Художник Игорь Грабарь, долго работавший в мастерской Чистякова и внимательно наблюдавший его, рассказывал о нем: «По вечерам в частной мастерской Чистякова собирались некоторые из его академических учеников, а также кое-кто «с воли». Он ставил им «натуру» — обыкновенно натурщика или натурщицу в костюмах. Но натуру не всякий мог осилить, — «поднять», как говаривал обыкновенно Чистяков, — и поэтому рисовать ее разрешалось только «посвященным». Начинающие должны были проходить длинный ряд всяческих испытаний и искусов, прежде чем приобрести почетное право приобщиться к высшей школе. Школа эта была целая система, сложная и хитрая — «моя система», как называл ее учитель, — рассчитанная на то, чтобы прежде всего посбить спеси у возомнившего о себе ученика, доказать ему, как дважды два — четыре, что он ровно ничего не знает, и затем медленно, крошечными порциями преподносить ему крупицы подлинных знаний: «Сразу-то объешься — нипочем не переварить». Этот своеобразный сократовский метод, по непонятному капризу судьбы вновь воскресший в голове умного тверского мужичка, никогда не слыхавшего о знаменитых диалогах, испытали на себе все ученики Чистякова…
Дело начиналось обыкновенно с того, что популярный учитель в первый же день огорошивал нового ученика какой-нибудь чудаческой выходкой, от которой вся мастерская покатывалась со смеху.
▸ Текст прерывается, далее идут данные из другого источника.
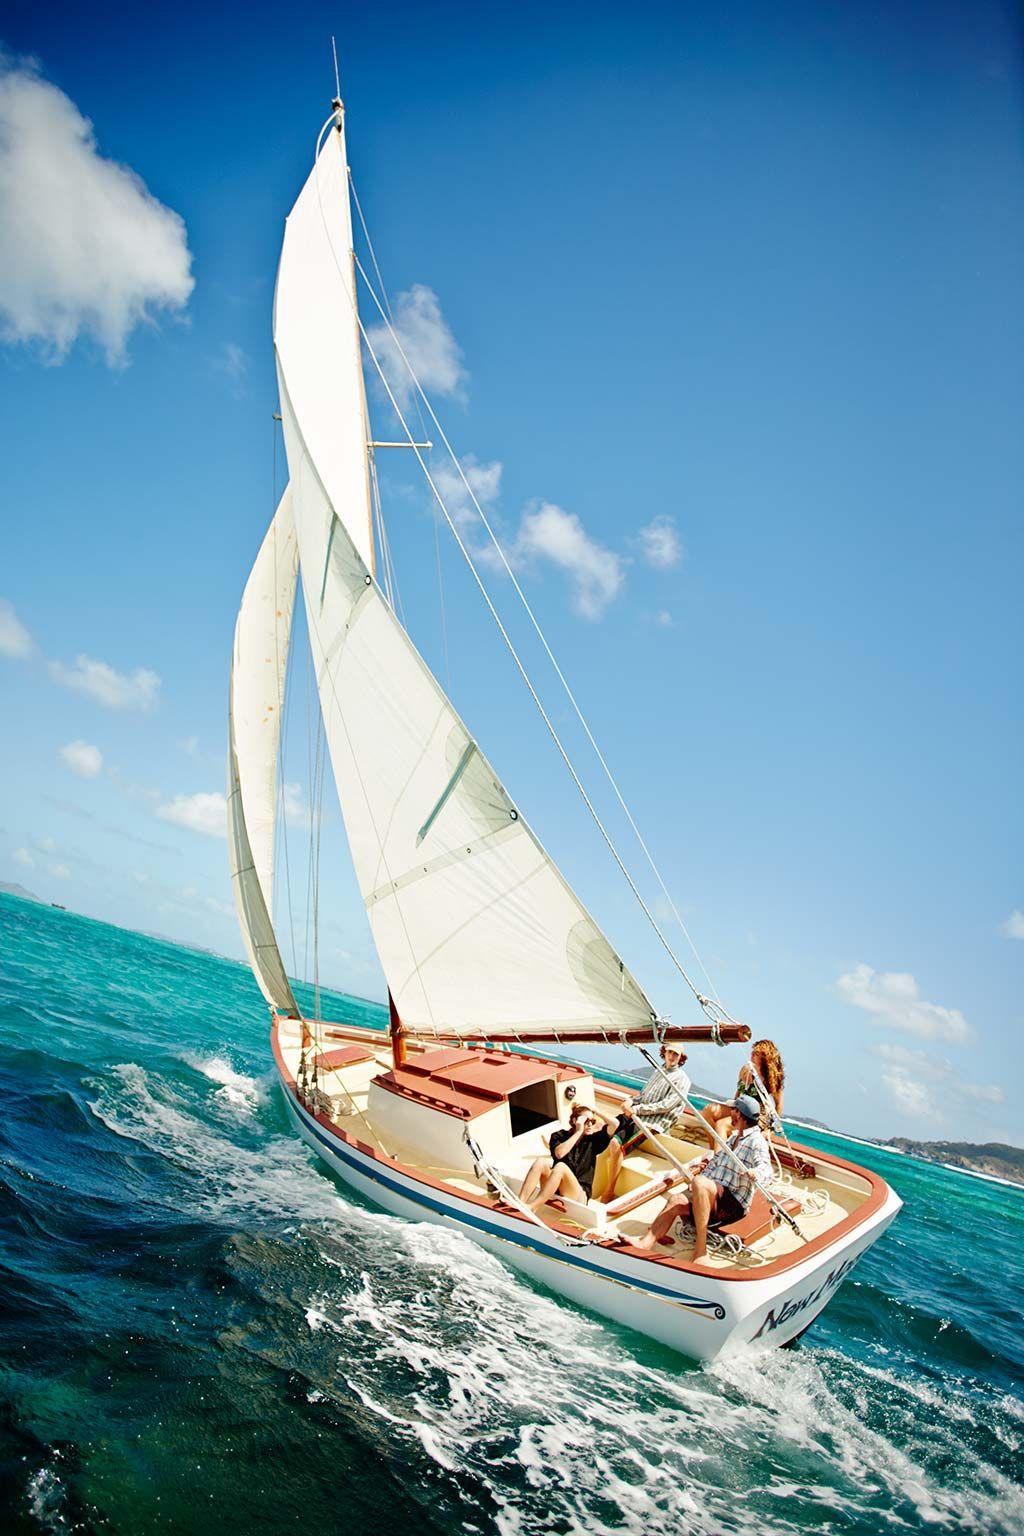 Best 25 Sailing Ideas On Pinterest Sailboat Sailing Boat And Sailboat Listings
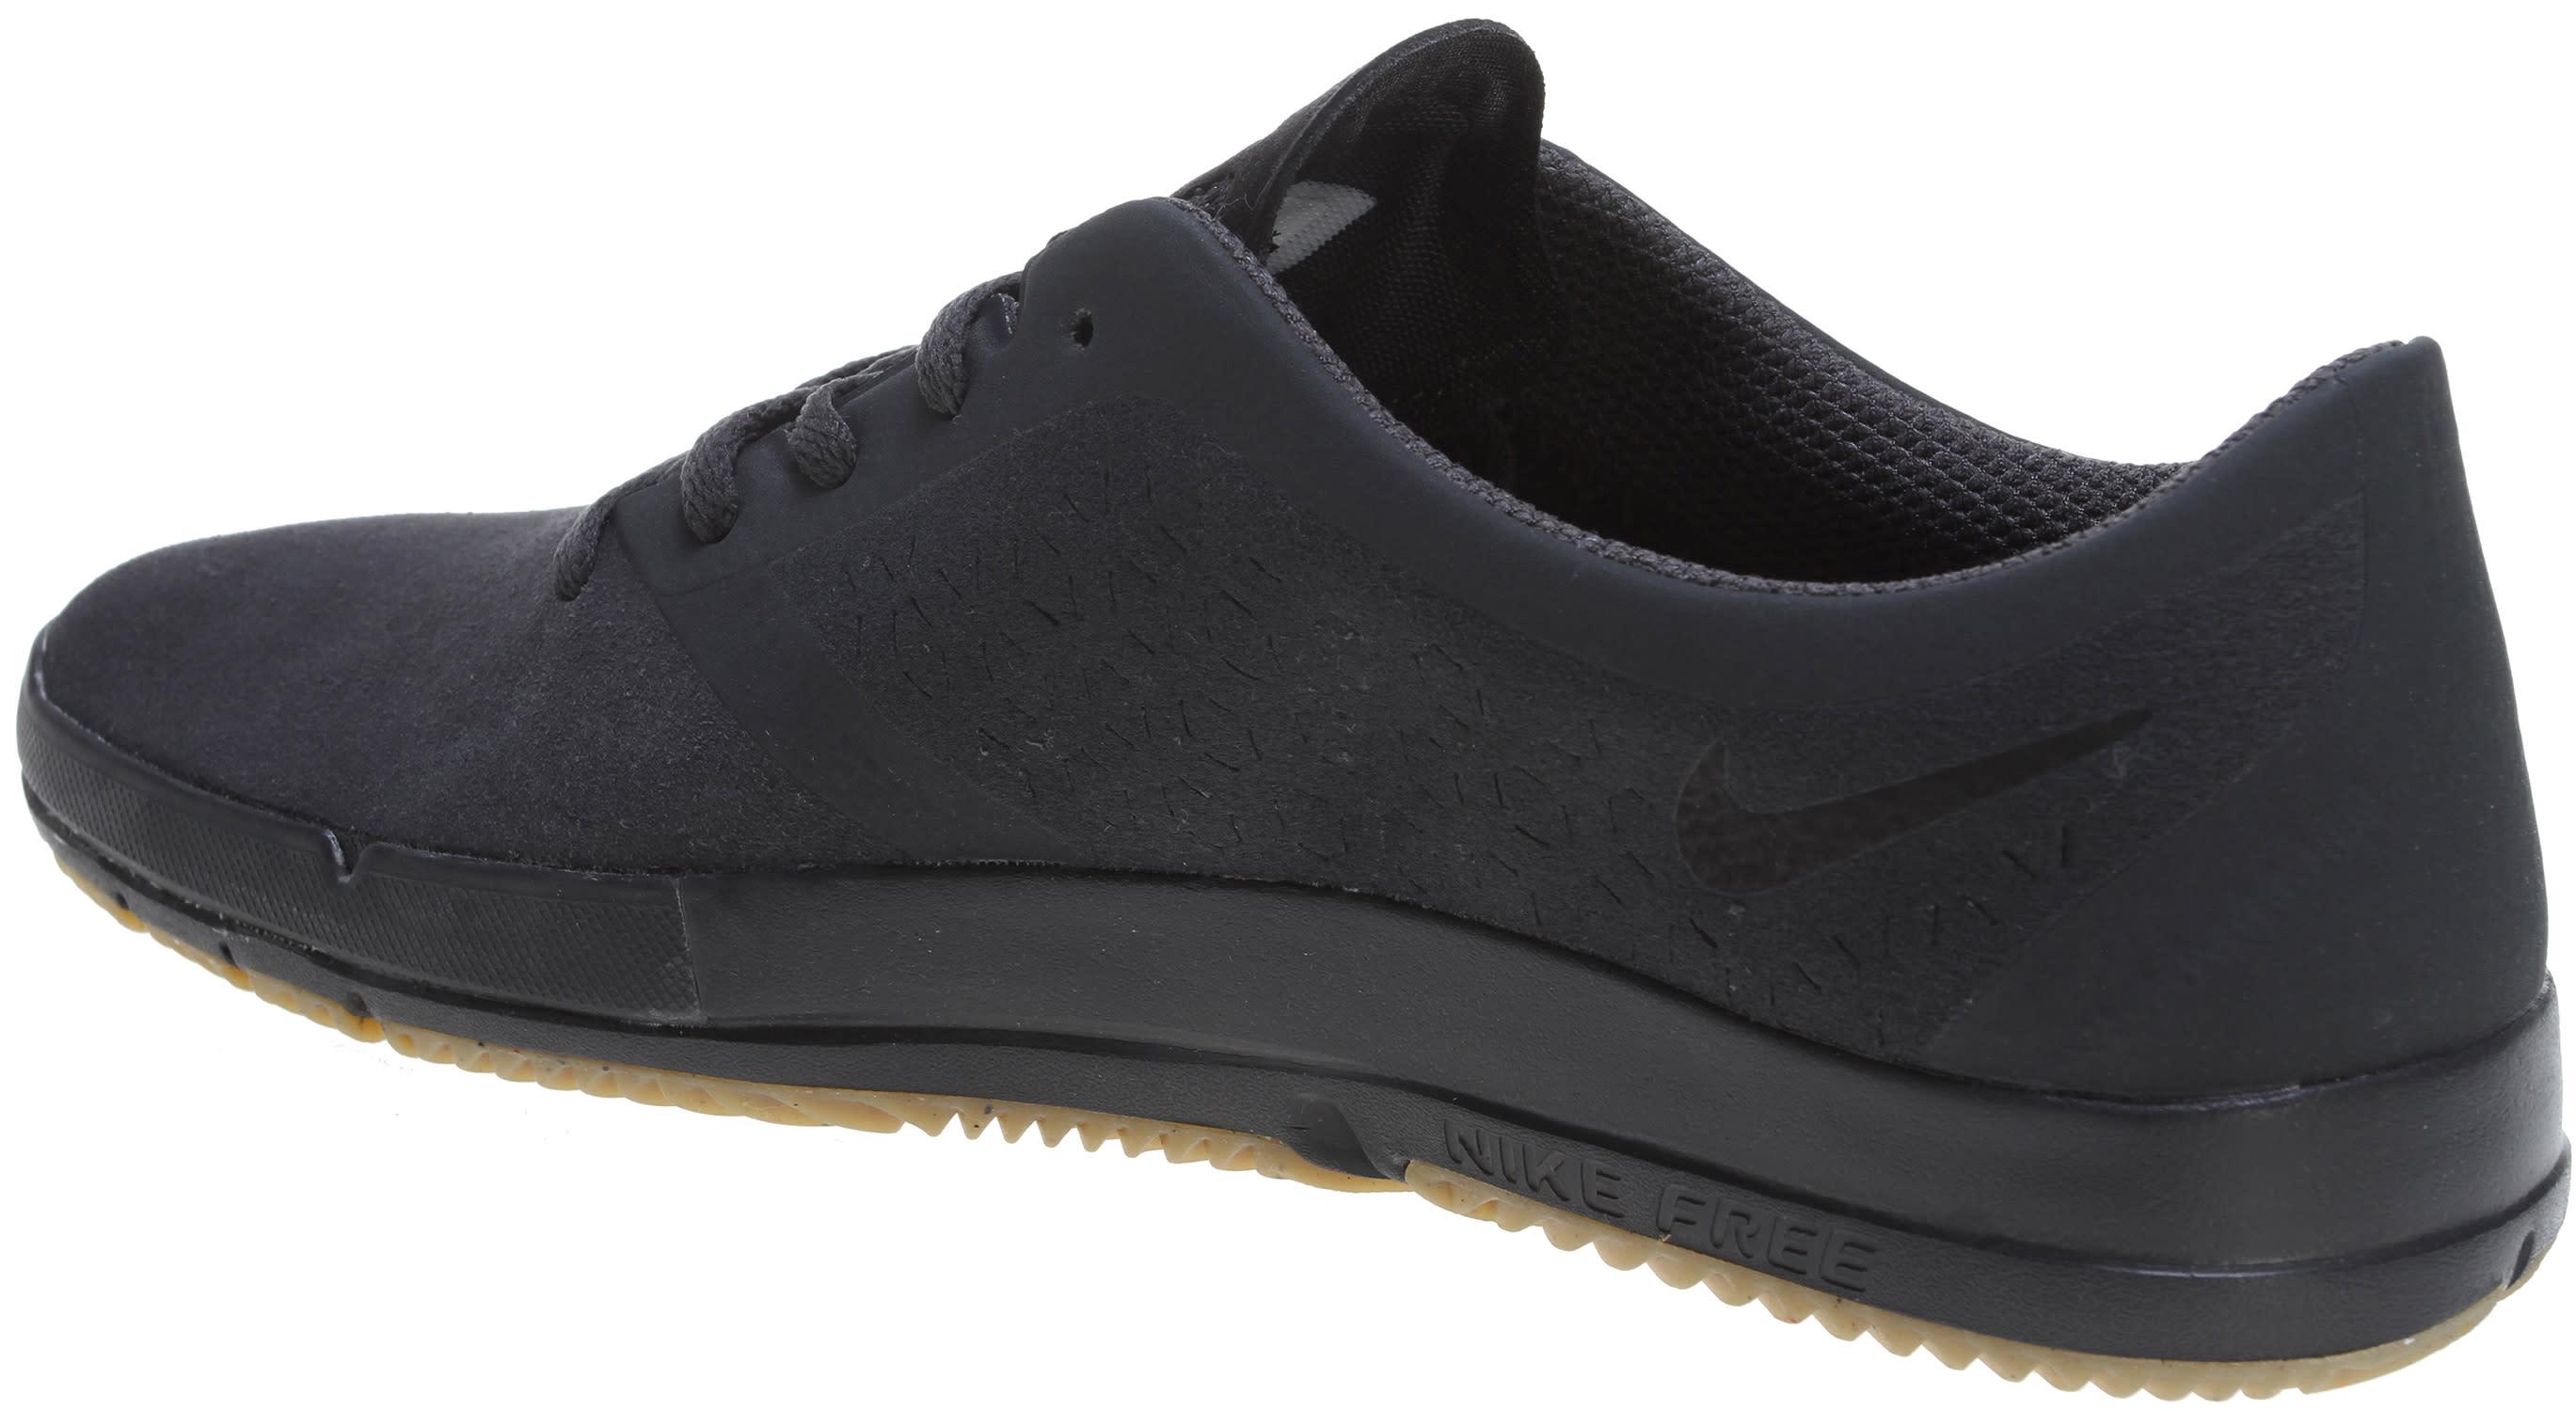 finest selection 2e5c9 4674b Nike Free SB Nano Skate Shoes - thumbnail 3

Он тонко подмечал какую-нибудь забавную черточку у новичка — манеру сидеть, характерный жест, складку губ, прическу или особенный говорок — и выкидывал веселую и меткую «шутку», сразу озадачивавшую человека и заставлявшую его густо краснеть. Ученик, допущенный в «собственную мастерскую», приходил туда с самыми радужными надеждами, вне себя от радости: сам Чистяков его выбрал из сотни других, отметив тем исключительное дарование и знание. И вдруг этот неожиданный конфуз, эта чудаческая и часто жестокая потеха. Но если ему и удавалось ее избегнуть, то он никогда не мог избежать потехи другого порядка, для иных, быть может, еще более жестокой, бившей по самому больному месту. Придя в мастерскую, новенький в восторженном настроении садился перед моделью и начинал ее рисовать, а иногда и прямо писать. Являлся Чистяков, и, когда очередь доходила до него, учитель принимался разбирать каждый миллиметр начатого этюда, причем свою уничтожающую критику сопровождал такими прибаутками, словечками, усмешками и гримасами, что бедняка бросало в холодный пот и он готов был провалиться от стыда и конфуза в преисподнюю. В заключение Чистяков рекомендовал бросить пока и думать о живописи и ограничиться одним рисованием, да потом не с живой натуры, которой ему все равно не осилить, и даже не с гипса, а «с азов». Он бросал перед ним на табуретку карандаш и говорил: «Нарисуйте вот карандашик, — оно не легче натурщика будет, а пользы от него много больше». И убитый, униженный ученик садился рисовать этот «бессмысленный вздор». На следующий вечер снова являлся Чистяков, в течение десяти минут ухитрявшийся доказать ему воочию, что он не умеет нарисовать и простого карандаша. «Нет, — говорил он ему на прощание, — карандашик-то для вас еще трудненек, надо что-нибудь попроще поставить». И ставил детский кубик.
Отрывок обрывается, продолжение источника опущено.